Being in relatively good physical health prior to the emergency can
be a game changer for survival — specifically, says Glatter, a strong
liver and kidneys. The liver breaks down glycogen, which is the stored
form of glucose that your brain
and heart needs to survive. “If your liver is functioning, you have a
glycogen supply of up to a week to sustain you,” he says. “That’s why it
is unusual for people to survive beyond that. They survive
anaerobically often by breaking down muscle. You break your body down
for energy.”
Typically, a human being can survive about three to seven days
without food and water. Not eating or drinking for much longer than that
can lower the odds of survival significantly.
As in Reshma’s case, having sufficient oxygen to sustain the heart
and other body functions is also critical. And the greater the air
pocket, or space to breathe, the better. “Carbon dioxide builds up in a
confined space.

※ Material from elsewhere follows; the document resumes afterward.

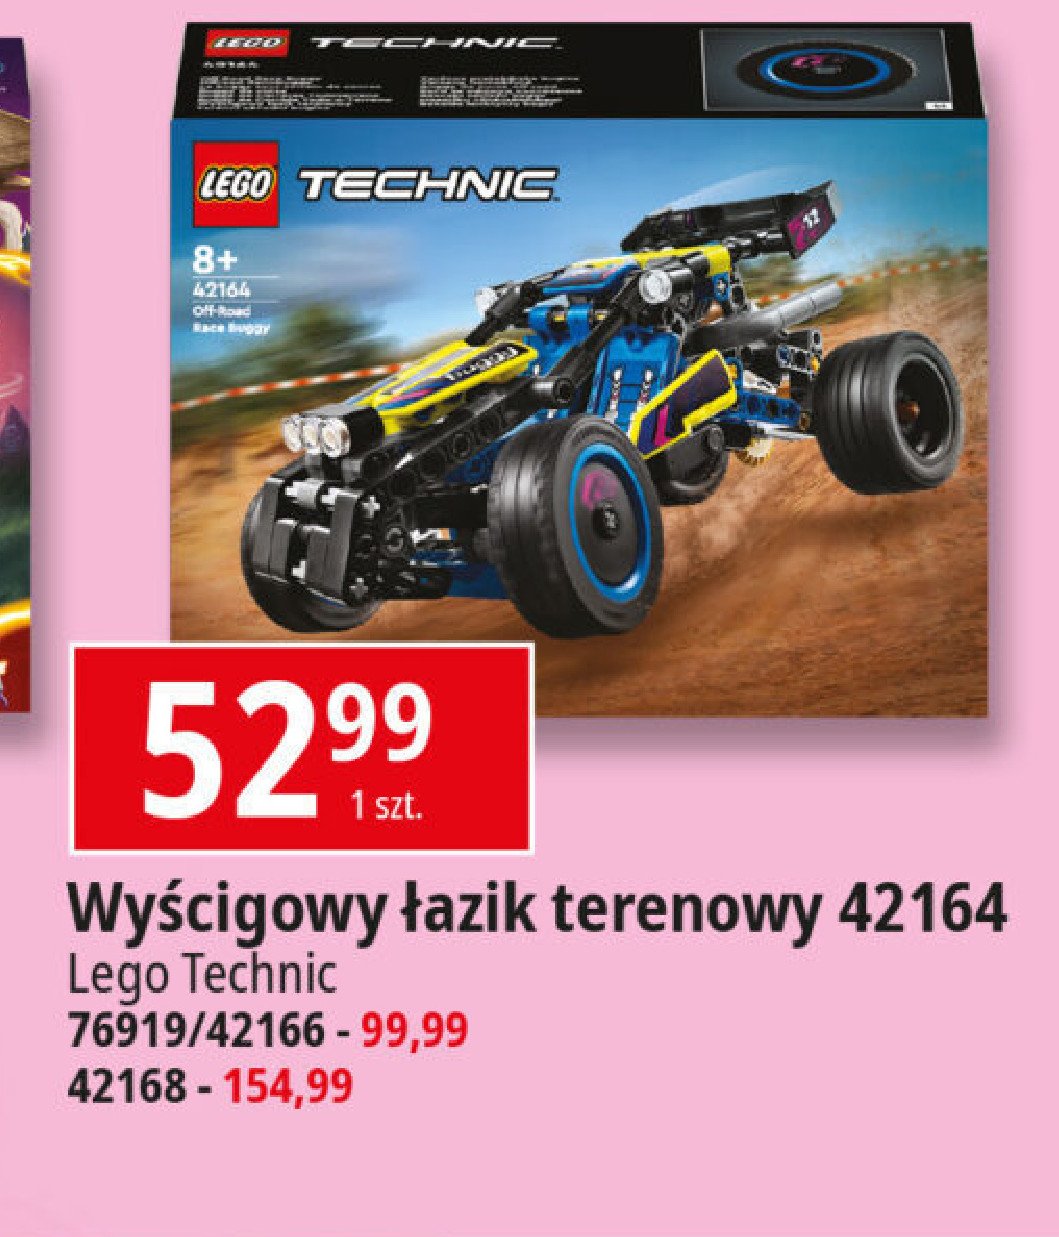 Klocki 42164 Lego technic promocja

There’s not a lot of oxygen and humans are breathing out
carbon dioxide. The high CO2 causes an imbalance of oxygen and carbon
dioxide and that leads to hypoxia, so people often asphyxiate. The
carbon dioxide also makes them sleepy with the high carbon dioxide and
people just pass out,” says Glatter.
The types of injuries a trapped individual sustains can also
contribute to the likelihood of survival. While that may seem obvious,
Glatter says that compression injuries to limbs can lead to fluid
buildup in the bloodstream that can determine whether the victim
survives the disaster. “When you release the pressure from a limb that
has been repressed, all the bad factors, the muscle build-up, the
potassium and phosphorus — -all these bad factors that build up can get
released into the blood stream. Sometimes an amputation will be done to
reduce the risk of this reperfusion injury,” explains Glatter.

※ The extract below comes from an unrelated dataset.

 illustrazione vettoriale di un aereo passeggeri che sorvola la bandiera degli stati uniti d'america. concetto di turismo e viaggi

Psychological strength is also an important resource on which to draw
during such draining and discouraging situations. As writer Amanda
Ripley writes in the TIME story “A Survival Guide to Catastrophe,” enduring a disaster is not simply a product of luck. She writes:
We can do far more than we think to improve our odds of preventing and surviving even the most horrendous of catastrophes. It’s a matter of preparation — bolting down your water heater before an earthquake or actually reading the in-flight safety card before takeoff — but also of mental conditioning. Each of us has what I call a “disaster personality,” a state of being that takes over in a crisis. It is at the core of who we are. The fact is, we can refine that personality and teach our brains to work more quickly, maybe even more wisely.

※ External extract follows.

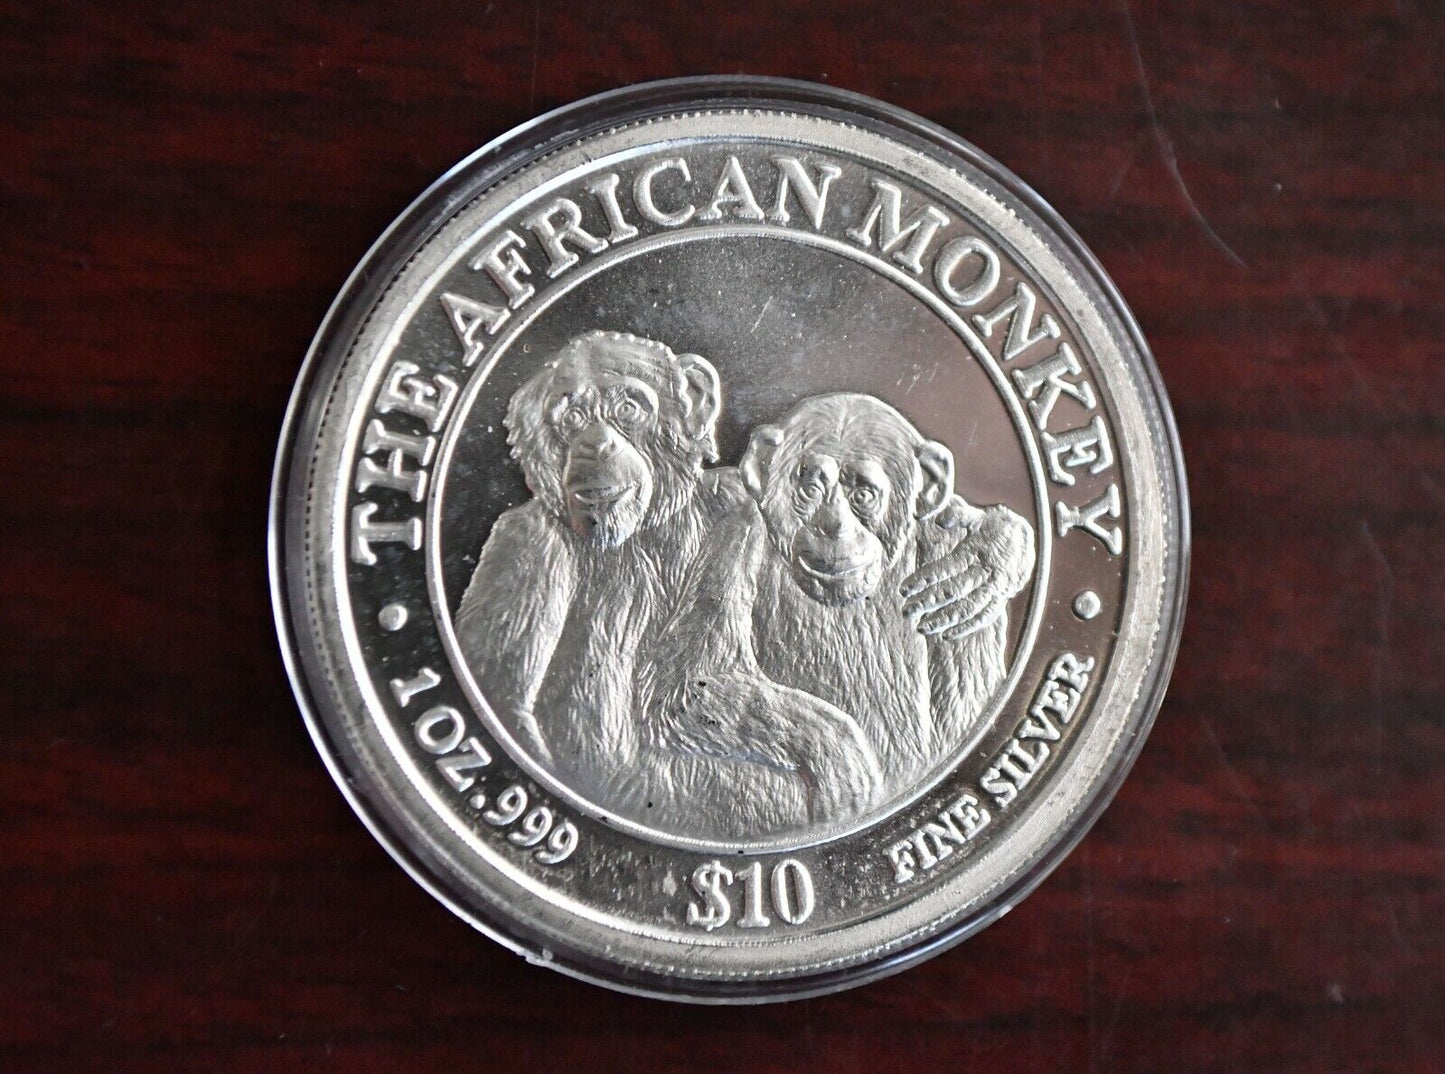 2000 The African Monkey .999 Fine Silver Somali Republic 1 oz. Rare $10

Humans are programmed with basic survival skills. When frightened, we get a shot of performance-enhancing hormones, and the blood pumps to our limbs to help us outrun whatever enemy we face. But in modern times, we’re hardly aware of such natural skills, and most of us do little to understand or develop them.
We could, for example, become far better at judging threats before catastrophe strikes. We have technological advantages that our ancestors lacked, and we know where disasters are likely to occur. And yet we flirt shamelessly with risk. We construct city skylines in hurricane alleys and neighborhoods on top of fault lines — as if nature will be cowed by our audacity and leave us be. And we rely on a sprawling network of faraway suppliers for necessities like warmth and food. If the power cuts off, many of us still don’t know where the stairs are in our skyscrapers, and we would have trouble surviving for a week without Wal-Mart.
Yet the knowledge is out there. Risk experts understand how we could overcome our blind spots and more intelligently hedge our bets. In laboratories and on shooting ranges, there are people who study what happens to bodies and minds under extreme duress. Military researchers conduct elaborate experiments to try to predict who will melt down in a crisis and who will thrive. Police, soldiers, race-car drivers and helicopter pilots train to anticipate the strange behaviors they will encounter at the worst of times. Regular people can learn from that knowledge, since, after all, we will be the first on the scene of any disaster.